Synopsis
This case presents a very interesting story about a luxury carmaker, Porsche. Like many marketers of luxury goods, Porsche has had to wrestle with the challenge of serving its core of loyal customers while also making products that appeal to a less traditional, but growing, segment of customers. The case describes the Porsche faithful who like their Porsches only one-way: 2 doors, six cylinders in the rear, and lots of pure sports car performance. The problem that Porsche has faced at various times throughout its existence is that being confined to one kind of customer with one kind of car inevitably results in maturation and stagnation. Sales flatten out, then decline, and so do profits.
This case describes recent efforts by Porsche to broaden its product line and appeal to multiple segments of customers. Most notably, Porsche now makes an SUV (the Cayenne) and a four-door sedan (the Panamera). Both of these efforts are designed to appeal to a different kind of customer than the ones who typically buy 911s. But these vehicles are not soft around the edges.
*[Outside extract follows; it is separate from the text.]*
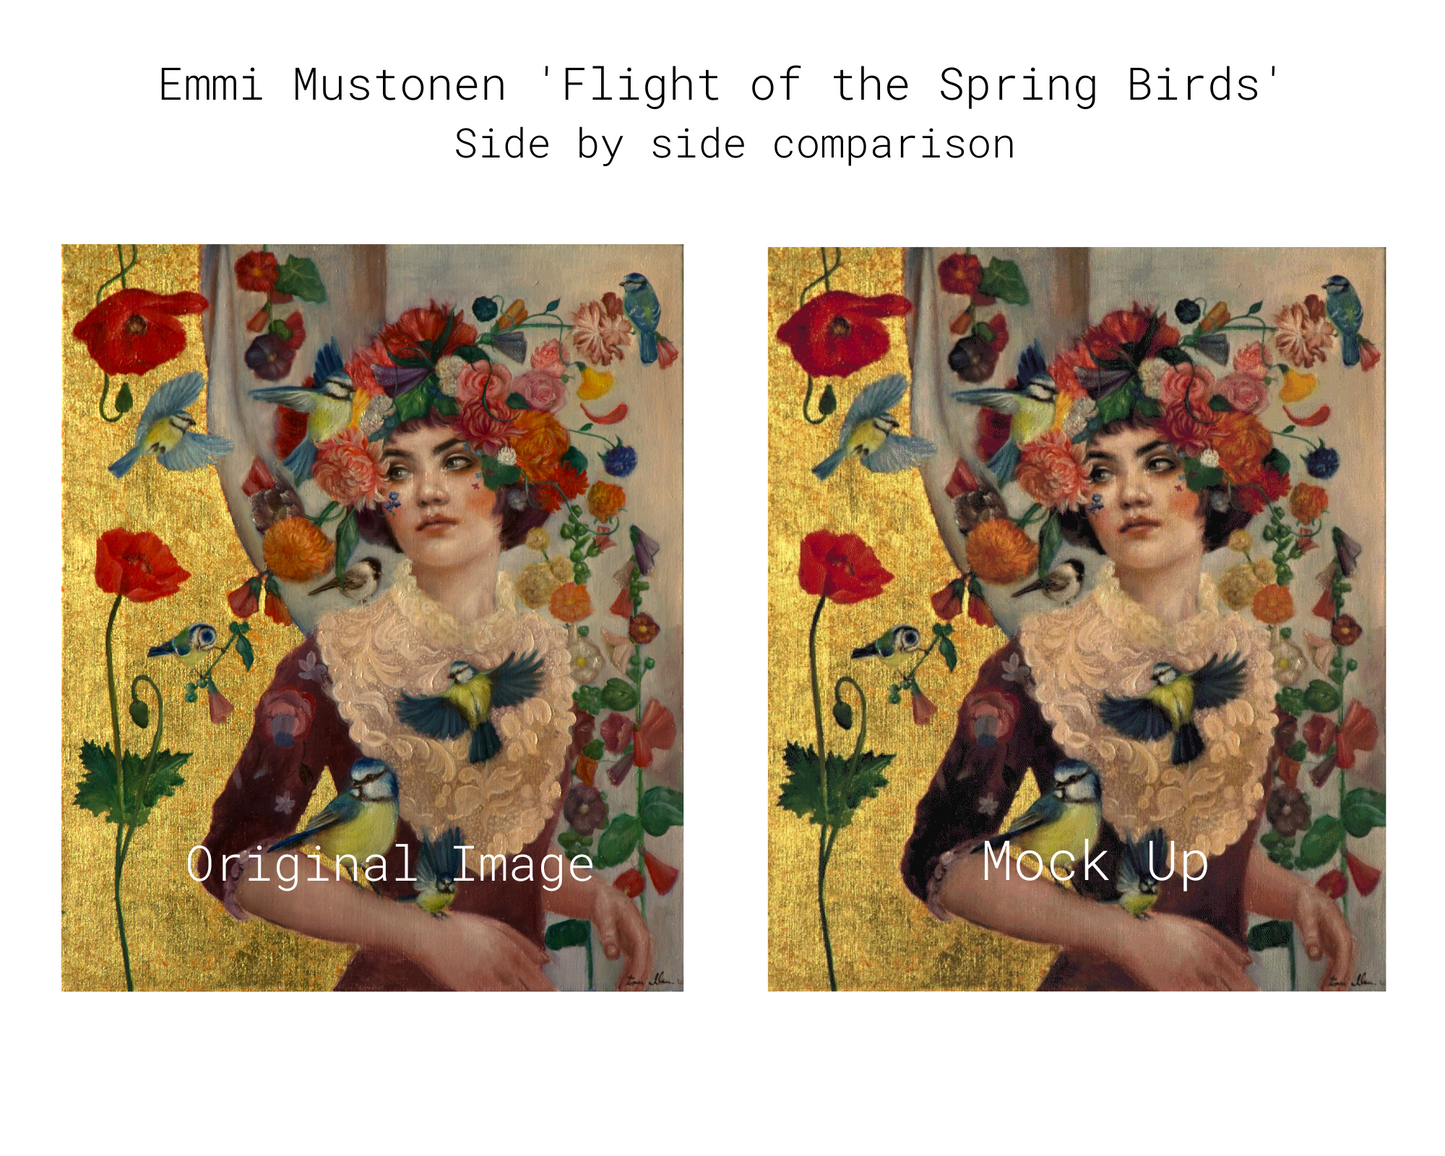 Flight of the Spring Birds

They perform like, well, the Porsche of SUVs (and sedans). Porsche has identified two types of customers that are sustaining these vehicles and keeping the company on a growth trend. These are Porsche customers who grew up and have practical needs of hauling people and stuff, and the emergence of wealthy people in China, India, and other parts of the world who have more interest in a daily driver.

As the economy recovers, Porsche is poised to serve various customer types with a portfolio of outstanding vehicles.